Problem Connecting to WCF Service on a Server

Question

I have set up a WCF service on a server which lives in its own Workgroup. I've tried to make a TCP/IP connection to it from a client that lives on the corporate domain. When I try to open a connection, I get a SecurityNegotiationException with the message:

"A remote side security requirement was not fulfilled during authentication. Try increasing the ProtectionLevel and/or ImpersonationLevel." The inner exception reads: "The network logon failed"

After speaking with some coworkers about the issues and performing some google research, I came to the conclusion that the issue is that the client is attempting to log on to the server using my corporate network login and password. Since the server is not part of the corporate network, it has no knowledge of my corporate identity and then rejects the login / connection attempt. Whether this analysis is correct or not, I have no idea.

Google results seem to suggest that perhaps the solution is that I need to impersonate user account that exists on the server machine. --I have also stumbled across this codeproject article which demonstrates user impersonation. Since the only account on the server is Administrator with no password, I tried domain as the computer's ip address as "10.0.0.11", username as "Administrator", and password as "". http://www.codeproject.com/KB/dotnet/UserImpersonationInNET.aspx?display=Print Unfortunately, it fails with the message:

"Logon failure: unknown user name or bad password"

Another hint to the problem: When the client and server are both machines on the corporate network, there are no connection problems at all.

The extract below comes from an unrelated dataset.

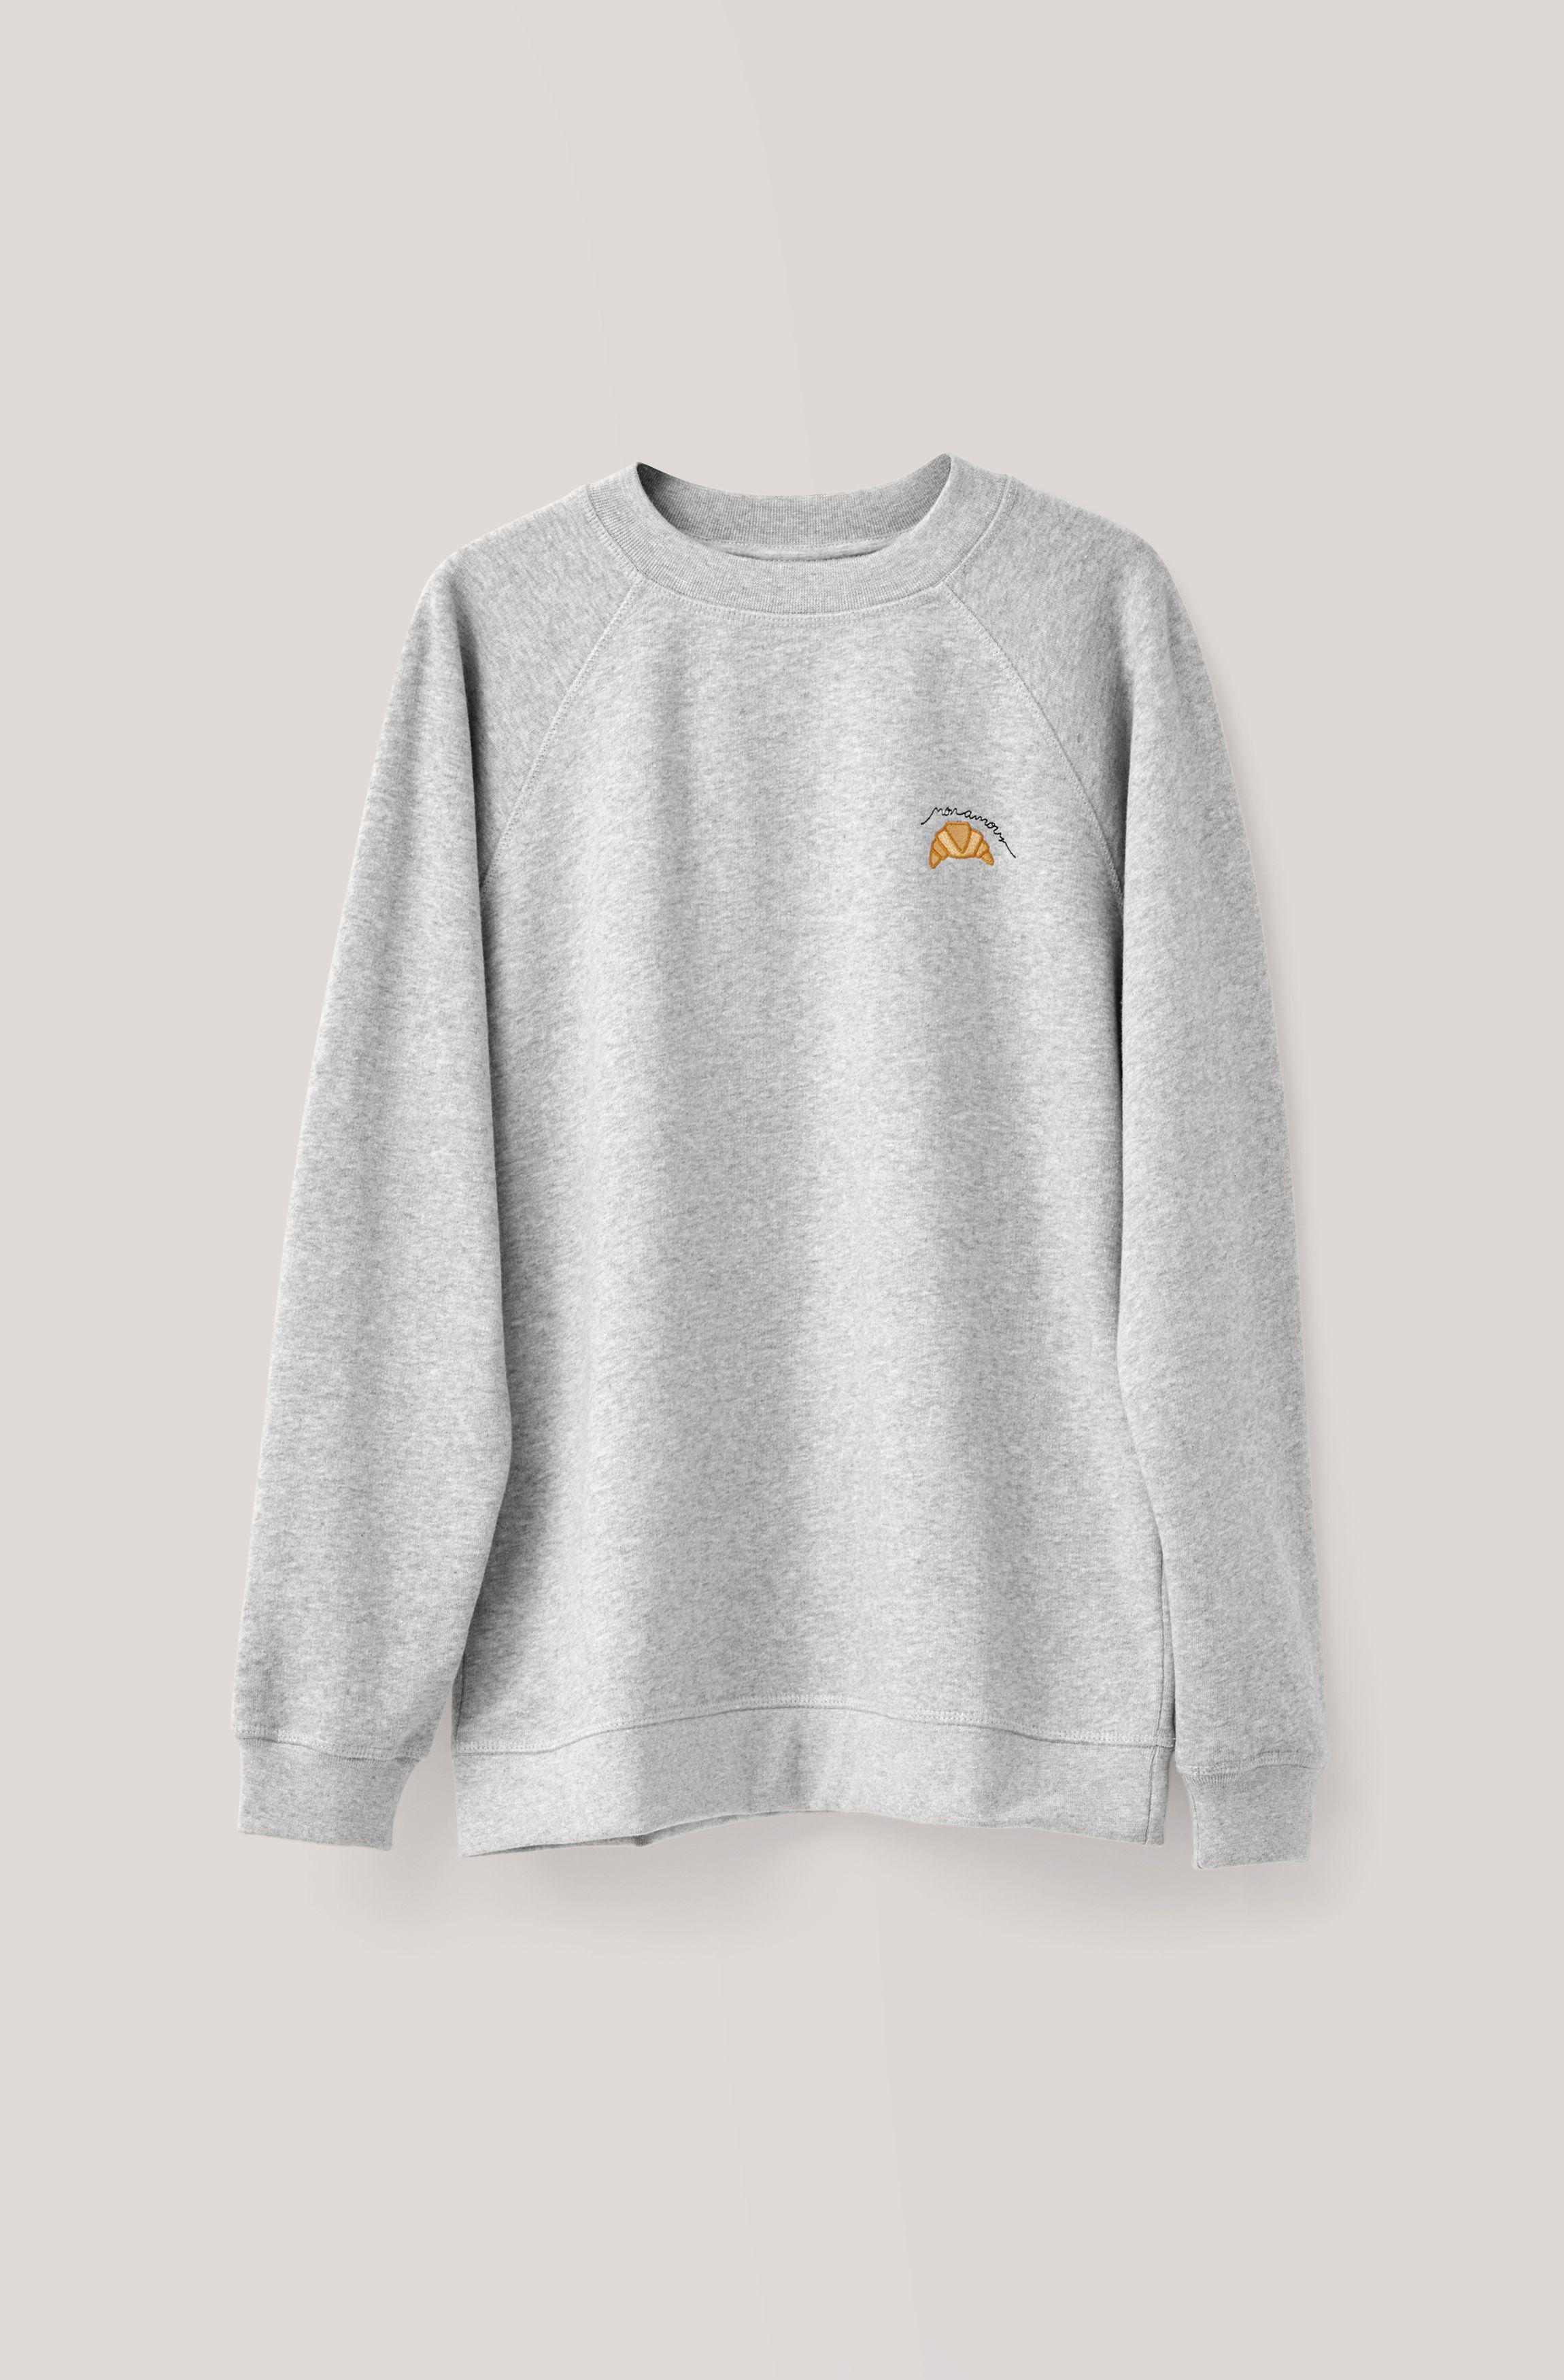 Leroy Isoli Sweatshirt Croissant Paloma Melange X Small Roupas Looks [ 3500 x 2300 Pixel ]

How can I resolve the error and complete the connection to the server? Even though it is not a best practice, I am completely okay with removing any security so I can keep this project moving forward

Answer 1

I know of no way to have a workgroup trust a domain, which means you have a couple of choices, as i see it

1. Add another endpoint in your WCF service that uses HTTP (a web service endpoint) and use this from the domain. This gets around the security problem, as you can impersonate here, or even set up a specific user that can access goodies in your workgroup server.

2. Whack down security in the WCF service. i would have to think about how to do this, but it is not a good idea anyway.

3. Create a domain and get a trust relationship.

The code project you mentioned is not dealing with impersonation in a way that is directly useful to WCF, as the authentication happens before you can even hit this code. I imagine you can whack at the framework bits to do it, but that would be nasty. There might be a way to use the code in an HTTP endpoint, but that can already be done without incurring the overhead of adding code that circumvents windows security.

Answer 2

Until you grasp the details, best way to learn is to disable security. You have to create a new binding configuration at the server side with security mode set to "None". Name it "NoSecurity" for convenience. This configuration must have the same type (wsHttpBinding, etc.) you use at your endpoint. Then set the bindingConfiguration property of your endpoint to "NoSecurity".

Update your client configuration and you are set to go.